### Provided material
***
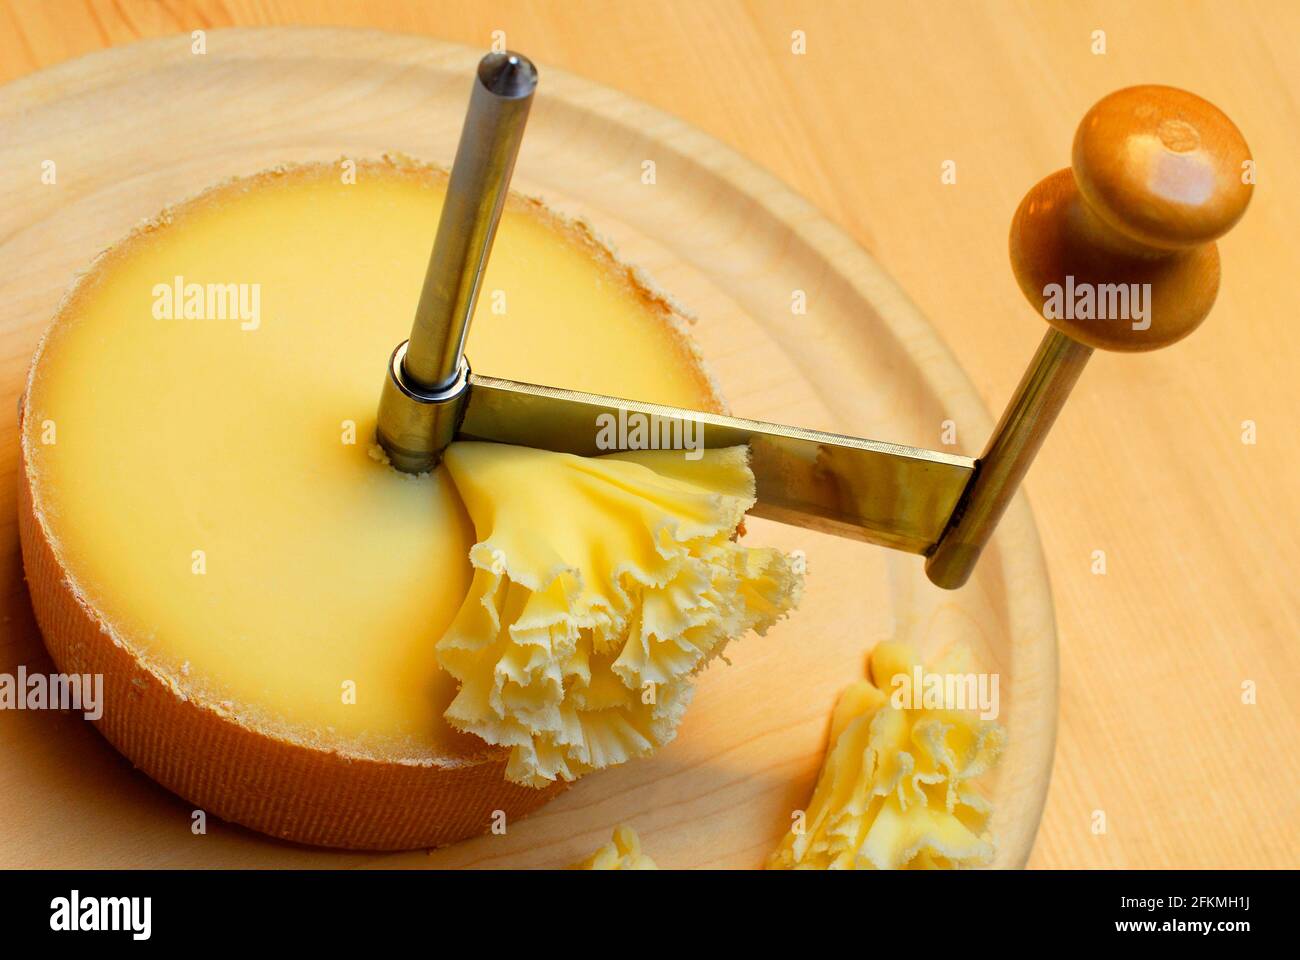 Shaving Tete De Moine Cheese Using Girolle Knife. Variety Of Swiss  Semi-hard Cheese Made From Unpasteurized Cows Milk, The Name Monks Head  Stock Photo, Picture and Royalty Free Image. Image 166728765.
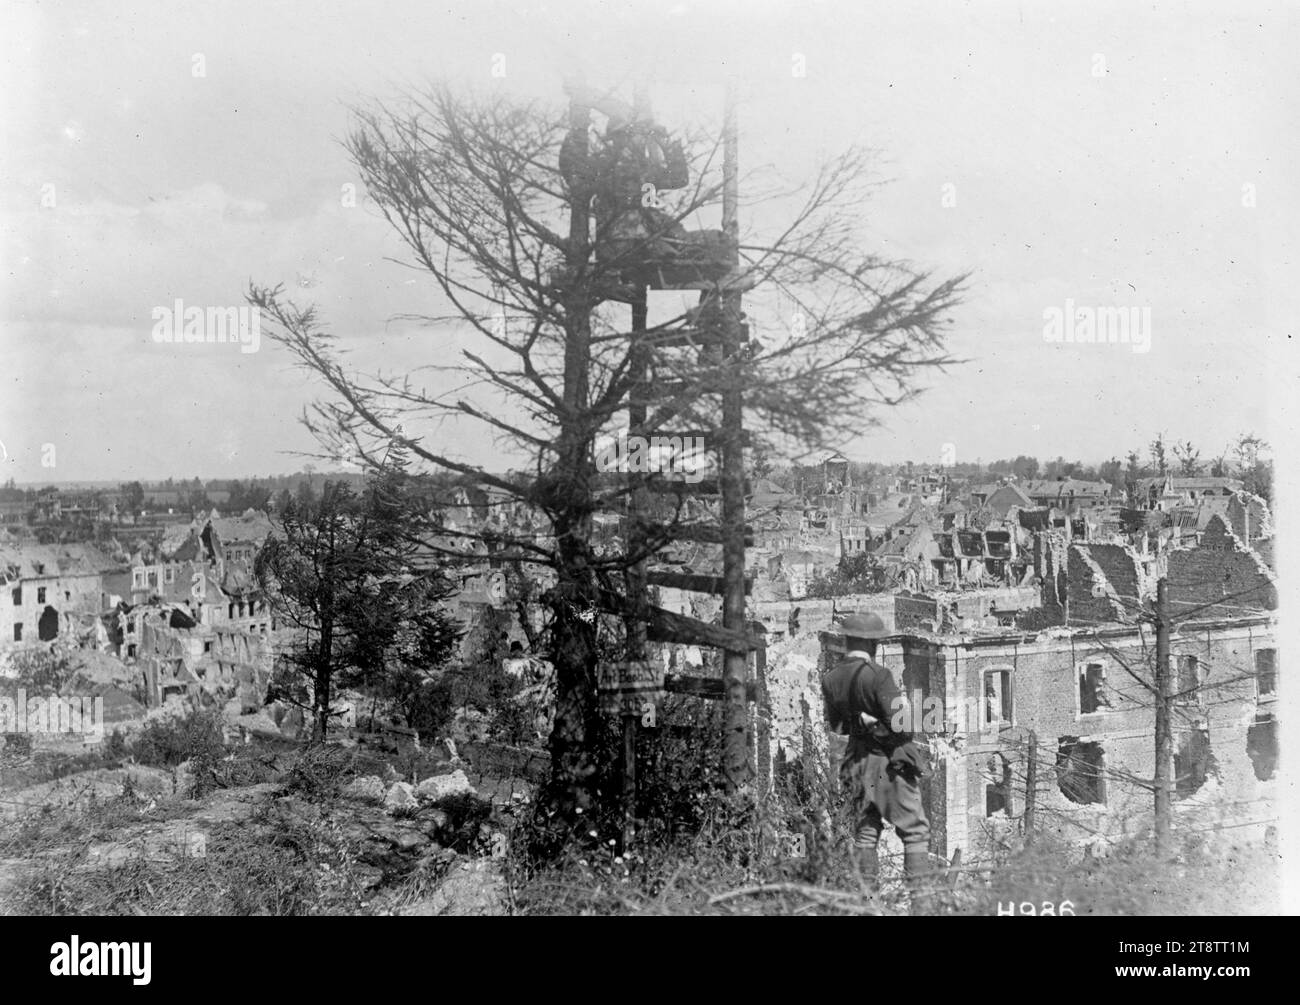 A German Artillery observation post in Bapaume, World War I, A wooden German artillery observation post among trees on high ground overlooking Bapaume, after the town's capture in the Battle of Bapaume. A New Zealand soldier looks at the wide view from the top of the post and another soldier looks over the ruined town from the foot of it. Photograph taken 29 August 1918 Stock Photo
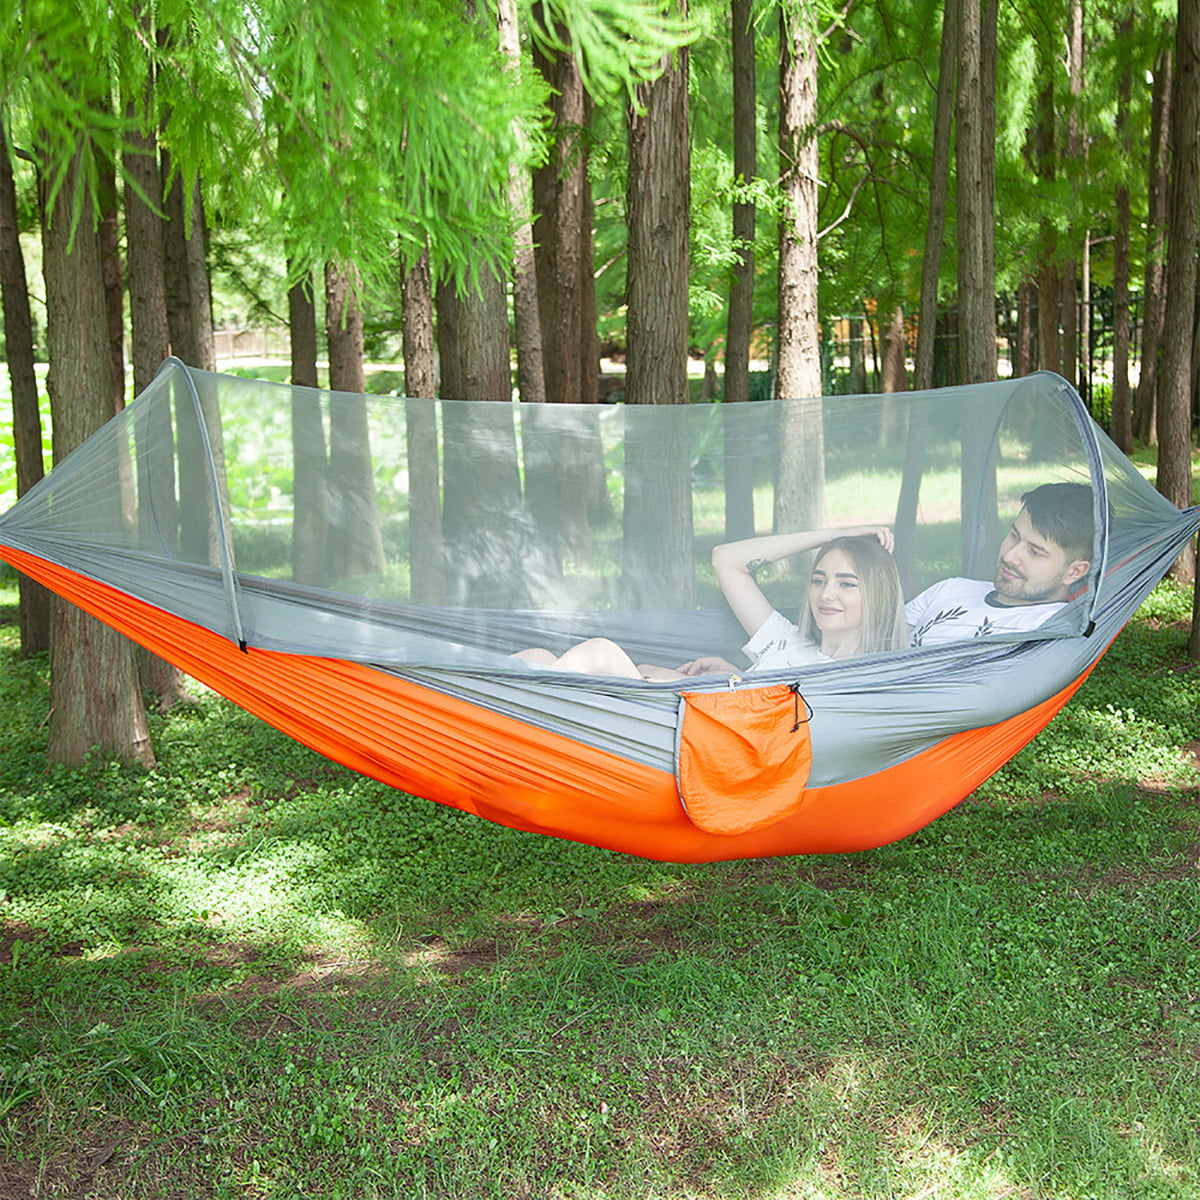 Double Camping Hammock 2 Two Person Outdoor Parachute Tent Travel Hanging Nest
***
### What to produce
Pictures are to be omitted. Output verbatim only the lines from the one holding "A German Artillery" through the end of the material, both included.

### Completed task
 A German Artillery observation post in Bapaume, World War I, A wooden German artillery observation post among trees on high ground overlooking Bapaume, after the town's capture in the Battle of Bapaume. A New Zealand soldier looks at the wide view from the top of the post and another soldier looks over the ruined town from the foot of it. Photograph taken 29 August 1918 Stock Photo
 Double Camping Hammock 2 Two Person Outdoor Parachute Tent Travel Hanging Nest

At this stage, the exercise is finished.